Assuming your forces are all purely vertical, you can simplify the third equation to
$$\vec{R}=\frac{1}{W} \left( F_1 \vec{r_1} + F_2 \vec{r_2} + F_3 \vec{r_3} \right)$$
That gives you the 2-dimensional center of mass, or equivalently one line through the object that goes through the 3D center of mass. Define some coordinate system, express that line in that coordinate system, repeat with another measurement, look for the intersection of the two lines.

5. Feb 13, 2015

### cps.13

Ok, so far this is what I have done...

https://www.dropbox.com/s/j712tkvuaul9rk0/graphs.jpg?dl=0

I have done (I think!) the calculation you have said to do, but I don't understand how these will provide you co-ordinates to draw a line.
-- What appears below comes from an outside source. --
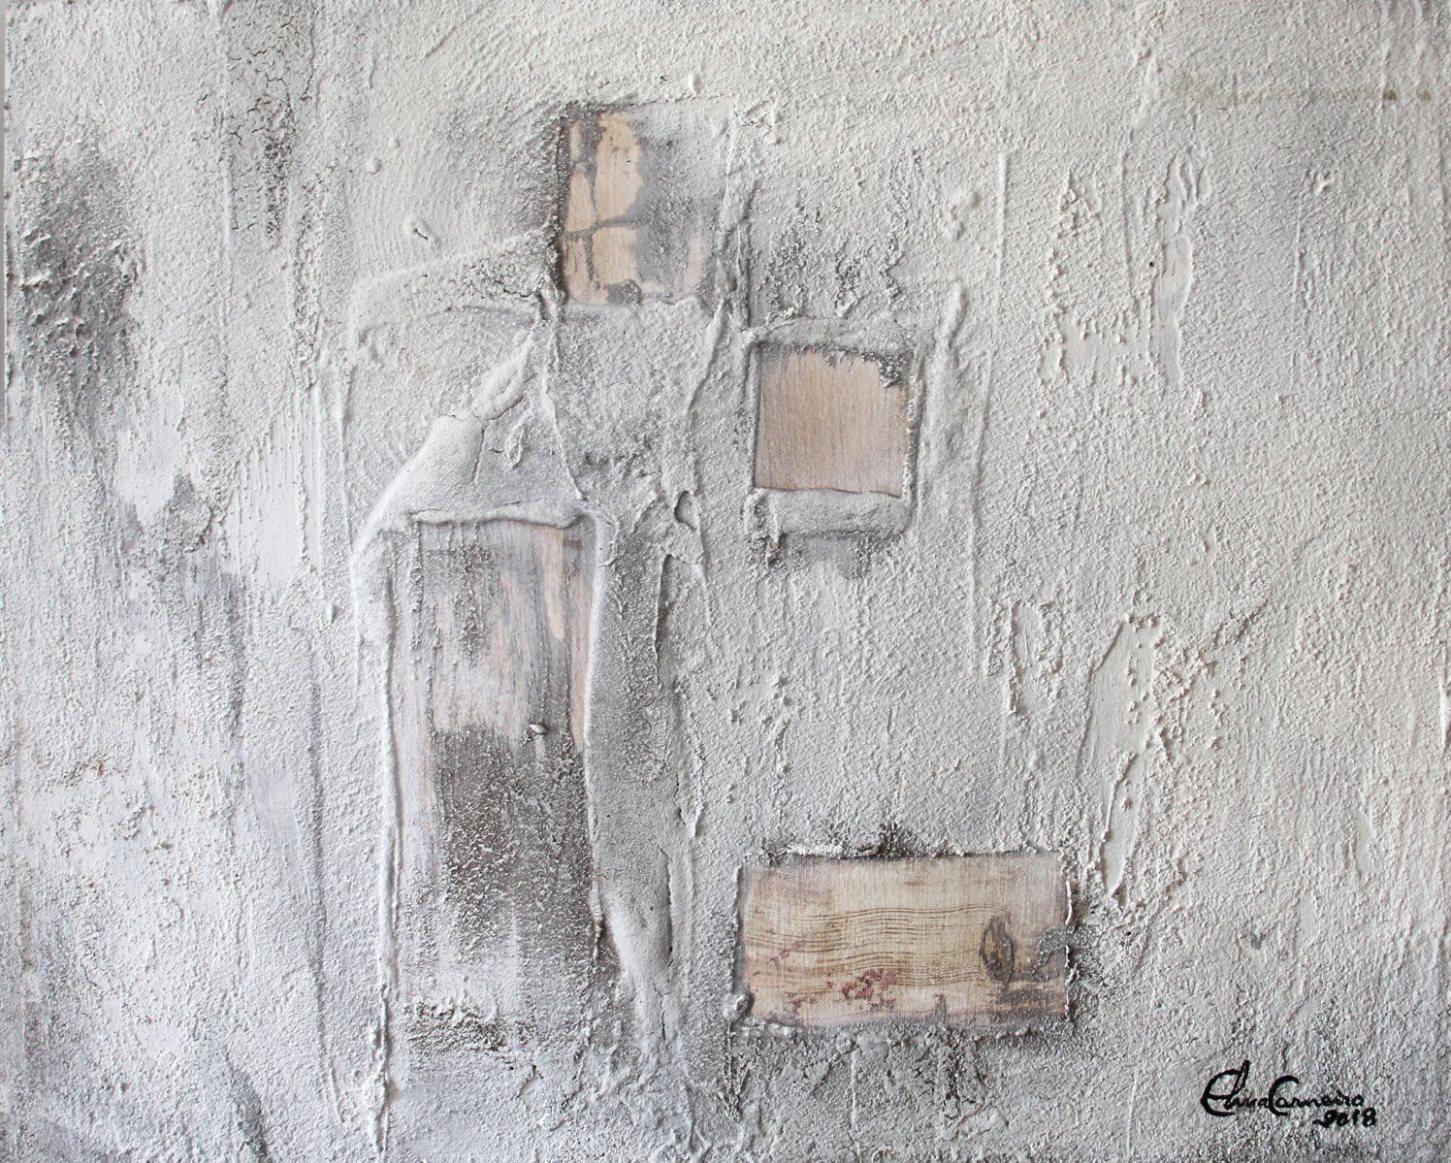 Arte abstrata de Elma Carneiro - Goiânia-GO

I only get one set of co-ordinates.

Are you able to tell me where i'm going wrong?

Thanks,

6. Feb 13, 2015

### Staff: Mentor

The third dimension gives the line.
How did you rotate your object between the measurements?

The total weight should not change...

7. Feb 13, 2015

### cps.13

I know the weight shouldn't change. This is an issue I need to address with the load cells but not my primary concern at the moment. I meant to state that in my last post but forgot!

What do you mean the third line? at present I can only draw one line. Am I getting my first two coordinates correct?

Thanks.

8. Feb 13, 2015

### Staff: Mentor

Both measurements give you one line each.
The approach is right, I didn't check the numbers.

9. Feb 14, 2015

### cps.13

But how do you draw one line with one coordinate?

Thanks

10. Feb 14, 2015

### jbriggs444

Two coordinates (x and y) in the horizontal plane allow you to draw a vertical line in three dimensional space.